Interesting model 3.6x smaller and 4x faster based on m2m 1.2B

dingedi · January 15, 2023, 7:02am

pierotofy · January 15, 2023, 4:31pm

Link to paper: https://arxiv.org/pdf/2210.11621.pdf

Side question: are there benchmarks of the BLEU scores for current argos models?

dingedi · January 15, 2023, 7:15pm

I don’t think so but I was thinking about it. it would be necessary to benchmark all argos models to be able to compare with other models.

Jourdelune · January 15, 2023, 9:18pm

I have tried to export the model to ctranslate2 but I can’t manage with the tokenizer.

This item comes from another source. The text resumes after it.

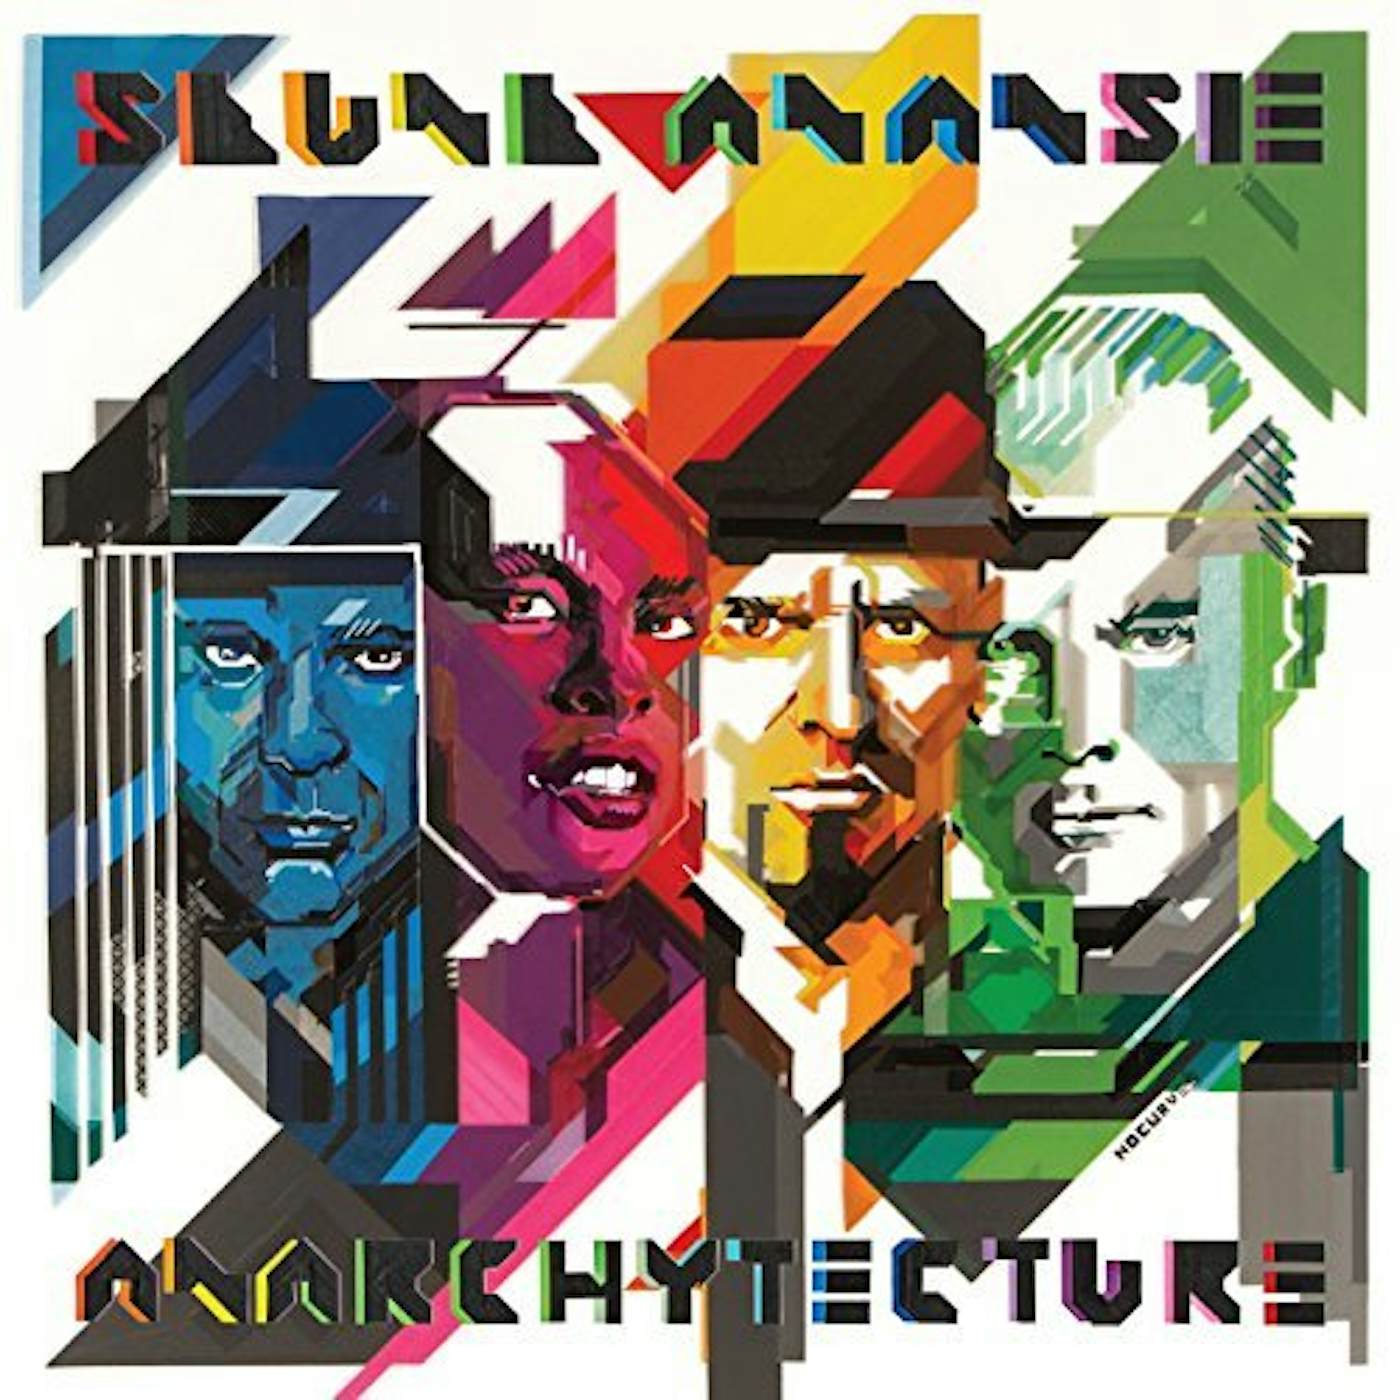 Skunk Anansie ANARCHYTECTURE CD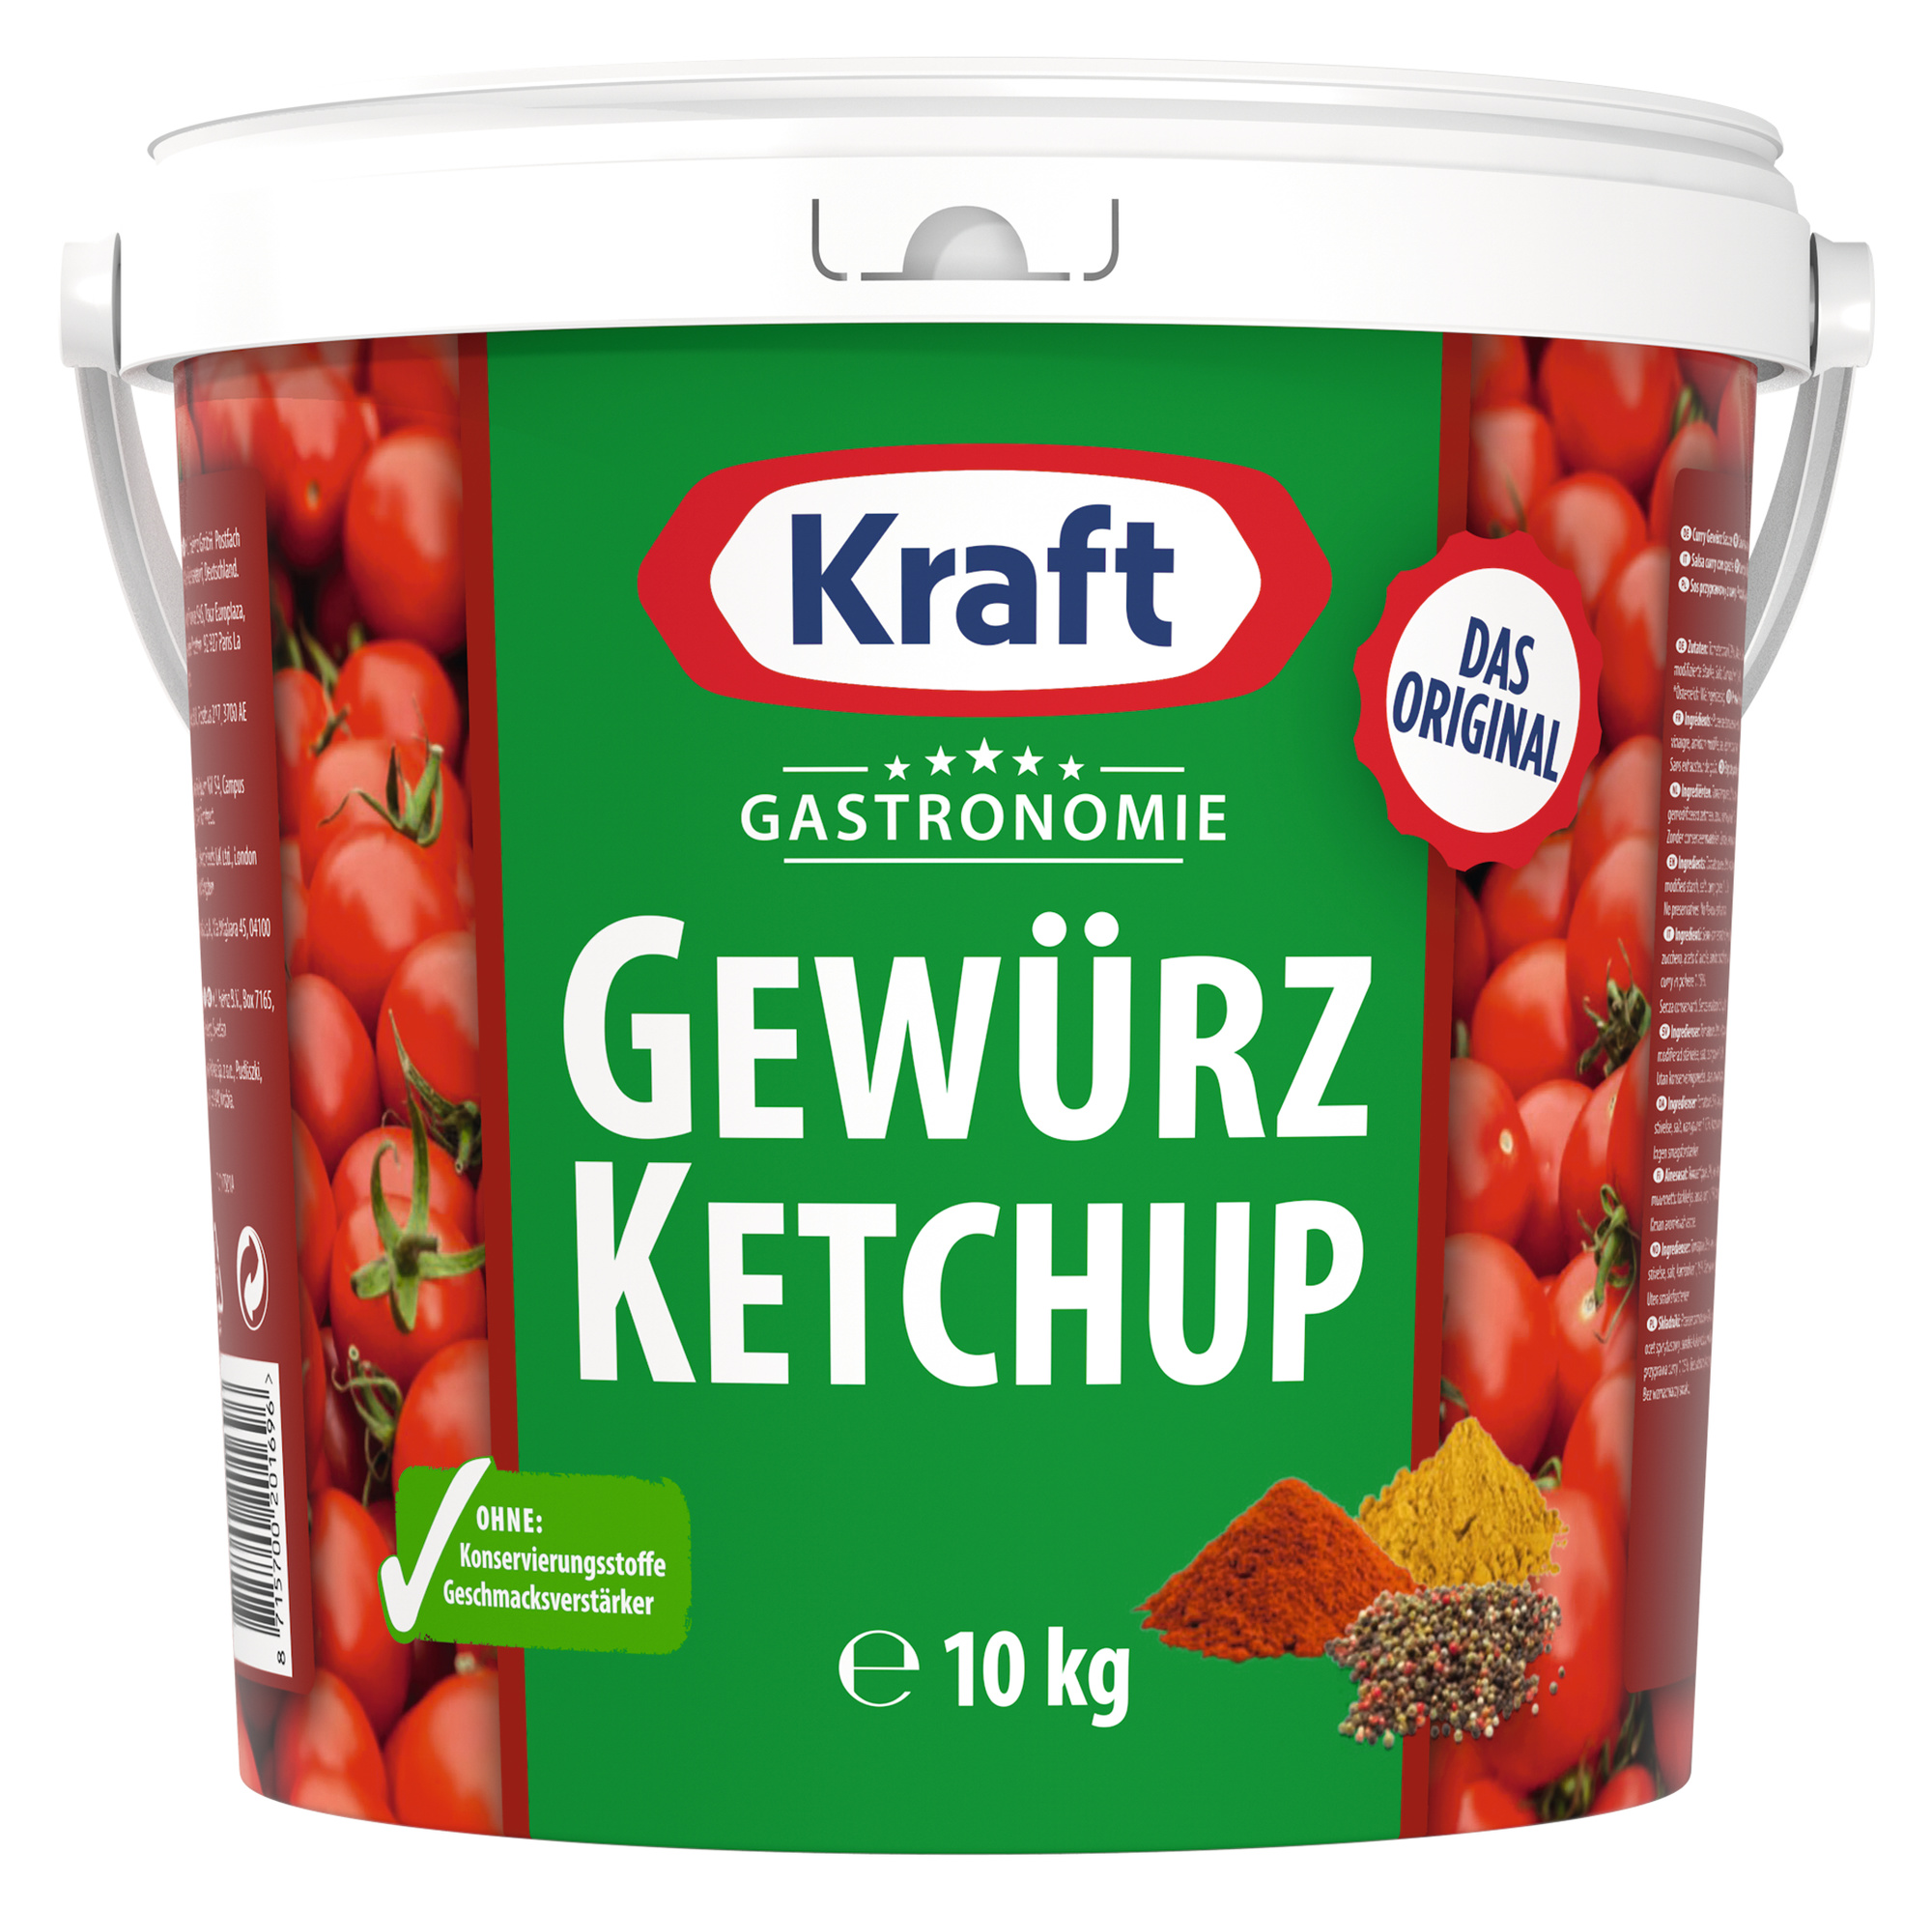 Gewürz Ketchup 10kg

dingedi · January 15, 2023, 9:25pm

I also didn’t manage to use it with argos, it looks like you have to use their script to tokenize

Jourdelune · January 15, 2023, 9:52pm

I have tried:

# wget https://huggingface.co/alirezamsh/small100/raw/main/tokenization_small100.py
# ct2-transformers-converter --model alirezamsh/small100 --output_dir model
from tokenization_small100 import SMALL100Tokenizer
import ctranslate2


translator = ctranslate2.Translator("model")
tokenizer = SMALL100Tokenizer.from_pretrained("alirezamsh/small100")
tokenizer.src_lang = "en"

source = tokenizer.convert_ids_to_tokens(tokenizer.encode("Hello world, it's a small test"))
target_prefix = [tokenizer.lang_code_to_token["fr"]]
results = translator.translate_batch([source], target_prefix=[target_prefix])
target = results[0].hypotheses[0][1:]

print(tokenizer.decode(tokenizer.convert_tokens_to_ids(target)))

but the model return “ku на, it’s a small test” xD

argosopentech · January 15, 2023, 11:02pm

Here are some links for BLEU scores:

In general I think it can be difficult to compare scores unless your both using the same test andl language. We could try comparing Argos Translate Sacrebleu scores to other models for languages Sacrebleu supports.

dingedi · January 16, 2023, 9:55am

yes, it can also be interesting to compare an old to a new model.

dingedi · January 17, 2023, 11:28am

it may be a problem with ctranslate2 or a bad use of the model.
but if already with ctranslate2 it doesn’t work it won’t work with argos

I didn’t look any further but I couldn’t get it to work either just by replacing the m2m model, there must be some other adjustment to make.
it would be good to succeed in making it work because if it offers the same results as m2m but being 3x smaller and 4x faster, it’s super interesting.

dingedi · January 20, 2023, 1:38pm

argosopentech · January 21, 2023, 11:53pm

Interesting, good to see it works. I don’t think this would be a good candidate for including in Argos Translate. I’m planning to stick with the SentencePiece tokenizer and don’t want to include a bunch of custom tokenizers. I think SentencePiece is the most popular tokenization library so there will probably be plenty of models coming out that support it. I’m also looking into training my own custom Argos Translate multilingual models too where compatibility wouldn’t be an issue.